Apart from the negative impact of the oil crisis and the Russia-Ukraine war, the growth momentum of the economy remains intact. Normal monsoons keep the agro and agro-based sectors buoyant. Covid did not have any adverse effect on food grains output which was 308 mn tonnes in 2020-21 and 310 mn tonnes in 2021-22. On the back of good rainfalls and its spread, a bumper harvest of 328 mn tonnes is expected this year. On the industrial front, the growth rate has risen to 7%. India’s service sector is large and accounts for 50% of India’s GDP. It comprises trade, banking, finance, insurance, hotels, restaurants, transport, storage, communication, housing, real estate, construction, business services, and software services. This sector, which is also more employment oriented, would generate higher growth this year than the 8.2% achieved in 2020-21.

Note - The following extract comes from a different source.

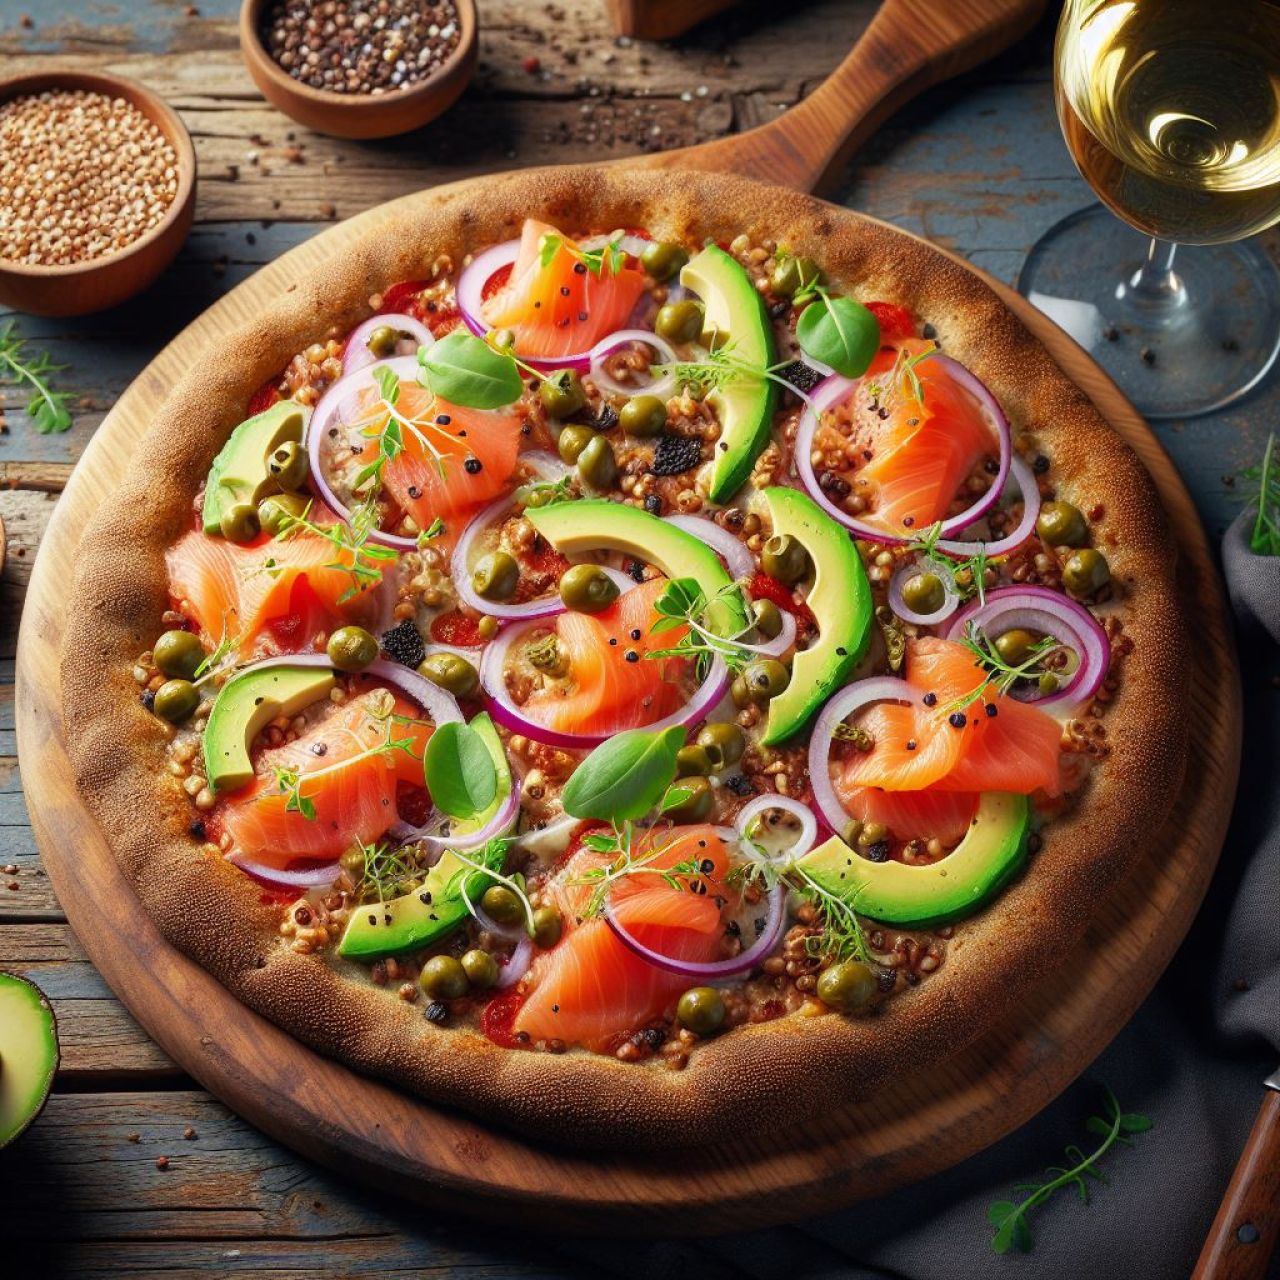 Gryczana pizza z łososiem i awokado - przepis na pyszną i zdrową pizzę

India’s exports have shown buoyancy in 2022 with both goods and services exports growing by 22-23%. However, the hefty increase in imports primarily caused by rising oil prices has impacted the trade deficit.
The rupee has declined by more than 6% in the forex market with the dollar rate going up from `74.76 a year ago to now touching a high of `80. Rising crude oil import bill and FII sale of equities of $26 billion have contributed to this fall.